Considering that most of the daily KMON data applications lack the metrics index of high water level, and the real capacity of the engine can only be obtained through the actual pressure measurement, so the pressure measurement service is required. In the early stage, we investigated the Amazon pressure measurement platform and Alibaba mom pressure measurement platform of the company, and found that they can not meet the demand of automatic pressure measurement, so based on the hippo, we developed an adaptive increased pressure walker Distributed pressure testing service.

From Devops to aiops, how can Ali achieve intelligent operation and maintenance?

Algorithm service

The goal of capacity evaluation is to minimize the cost of resources and improve the utilization rate of resources.

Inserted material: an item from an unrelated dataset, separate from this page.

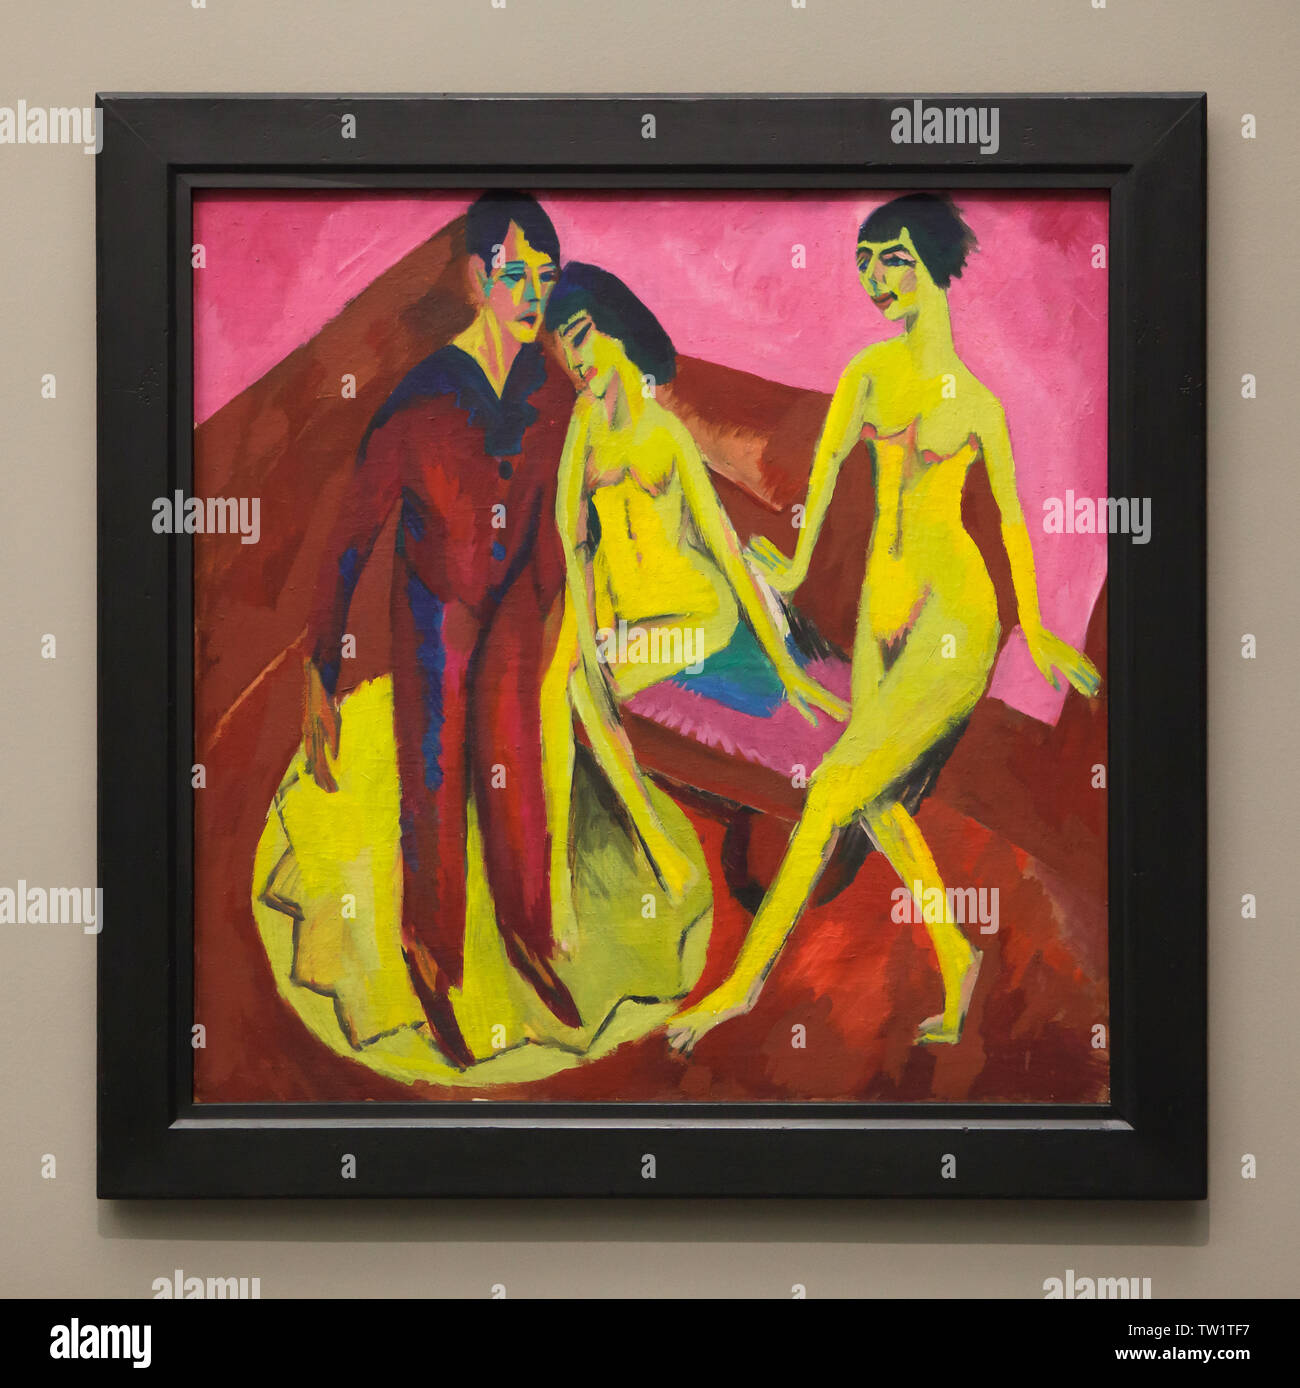 La peinture de l'école 'Dancing' ('Ballet School') par peintre expressionniste allemand Ernst Ludwig Kirchner (1914-1925) sur l'affichage dans la Pinakothek der Moderne à Munich, Bavière, Allemagne. Banque D'Images
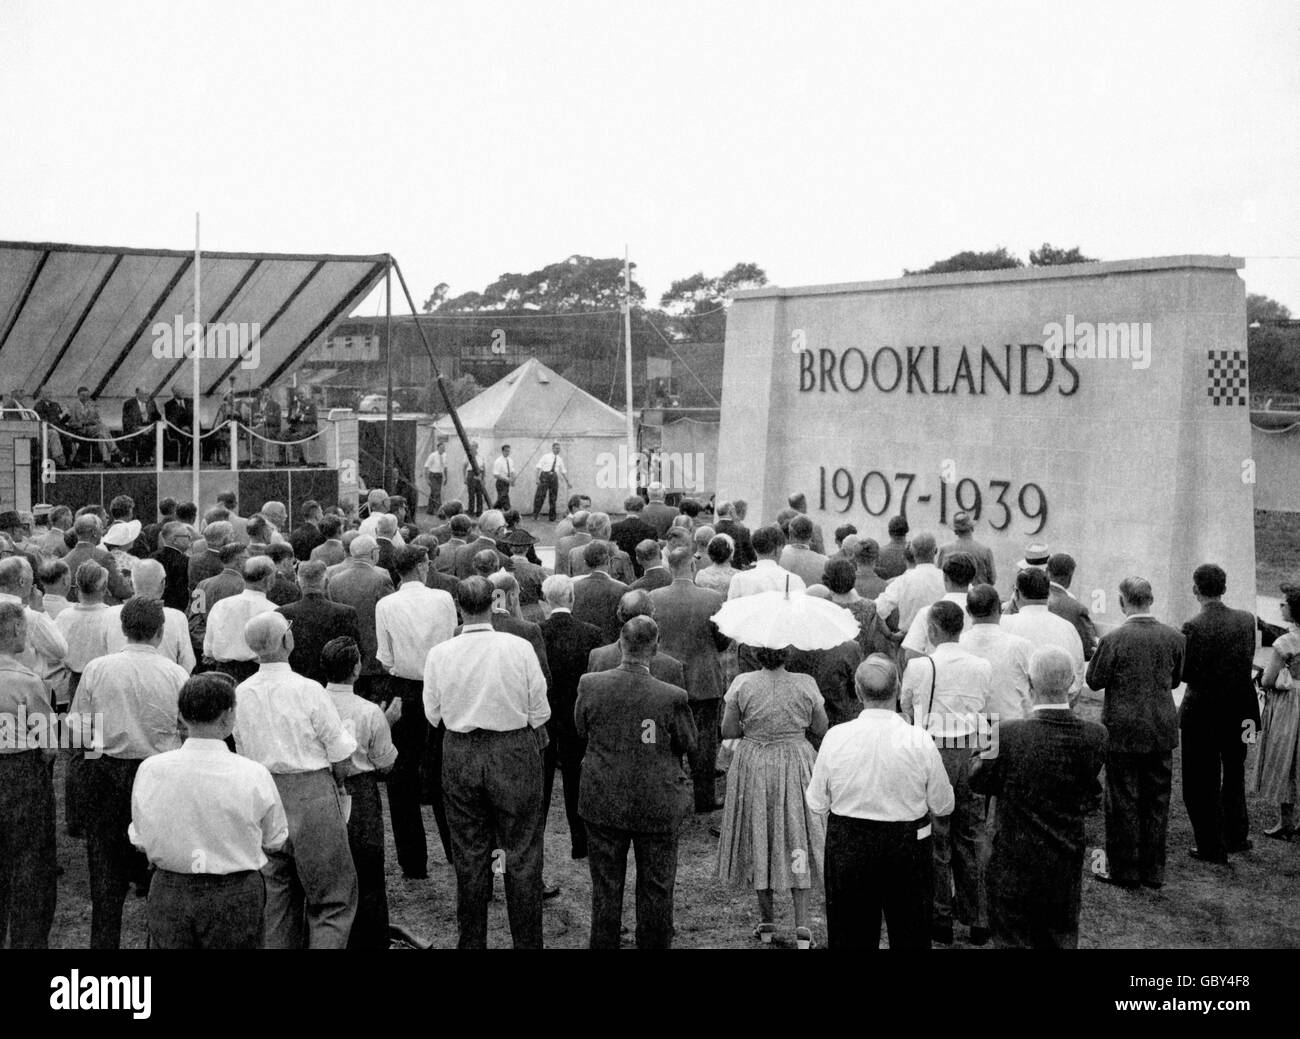 Un mémorial de 31 pieds de long à Brooklands comme centre de course automobile après son dévoilement à Brooklands par Lord Brabazon à l'occasion de l'anniversaire du Jubilé d'or de la première réunion sur la piste le 6 juillet 1907. Lord Brabazon était l'un des concurrents de la première course. Banque D'Images

Therefore, there is a precondition that resources can be quantified by cost. Cost is also an important dimension to measure the value of the platform from search to platformization. Therefore, we have developed a price formula with the financial department, which is also a prerequisite. After a lot of experiments and analysis with algorithm students, we found that The problem can be transformed into a programming problem with constraints. The objective function of optimization is the price formula (there are several variables in memory, CPU and disk). The constraints are that the container specifications and the number of containers provided must meet the needs of the lowest QPS memory and disk.

AIOps outlook

Through the implementation of Hawkeye diagnosis optimization and torch capacity management on tisplus search platform, the cost has been greatly reduced, the efficiency and stability have been improved, and the confidence has been established for the application of aiops to other online systems. Therefore, the next step is to integrate Hawkeye and torch to build aiops platform, so that other online services can also enjoy the benefits brought by aiops. Therefore, openness and ease of use are the two primary considerations in platform design.

For this reason, we will focus on the construction of four basic databases:

Operation and maintenance index library: the online system log, monitoring index, event and application information are standardized and integrated to facilitate access to various operation and maintenance indexes in the process of strategy implementation.

Operation and maintenance knowledge base: it provides retrieval and calculation functions through the problem set and experience accumulated by es in daily Q & A, which is convenient for automatic diagnosis and self-healing of similar online problems.

Operation and maintenance component library: The Clone simulation pressure test and algorithm model are componentized, which is convenient for users to select algorithm flexibly for strategy implementation, and it is easy to use clone simulation and pressure test to effectively verify optimization suggestions.

Operation and maintenance strategy library: through canvas, users drag and write UDP to quickly realize the operation and maintenance strategy of their own system. Operation and maintenance index library, operation and maintenance knowledge base and operation and maintenance component library provide rich and diverse data and components, making the implementation of operation and maintenance strategy simple enough.

Based on the above-mentioned infrastructure construction and combination strategy, data under various operation and maintenance scenarios can be generated, and comprehensive fault handling, intelligent Q & A, capacity management and performance optimization can be applied in various scenarios.

From Devops to aiops, how can Ali achieve intelligent operation and maintenance?

This article is the sharing of aiops practice of Alibaba search Zhongtai technology series. It has been 3 years since the construction of search Zhongtai from 0 to 1, but it is far from our vision of making the world have no difficult search. The road ahead will be full of challenges. No matter the SaaS capability of business perspective, search algorithm productization, cloud Devops & aiops, or business station building, we will meet world-class challenges.

Author: yunradium

Read the original text

This article is from alitech, a partner of yunqi community. If you need to reprint it, please contact the original author.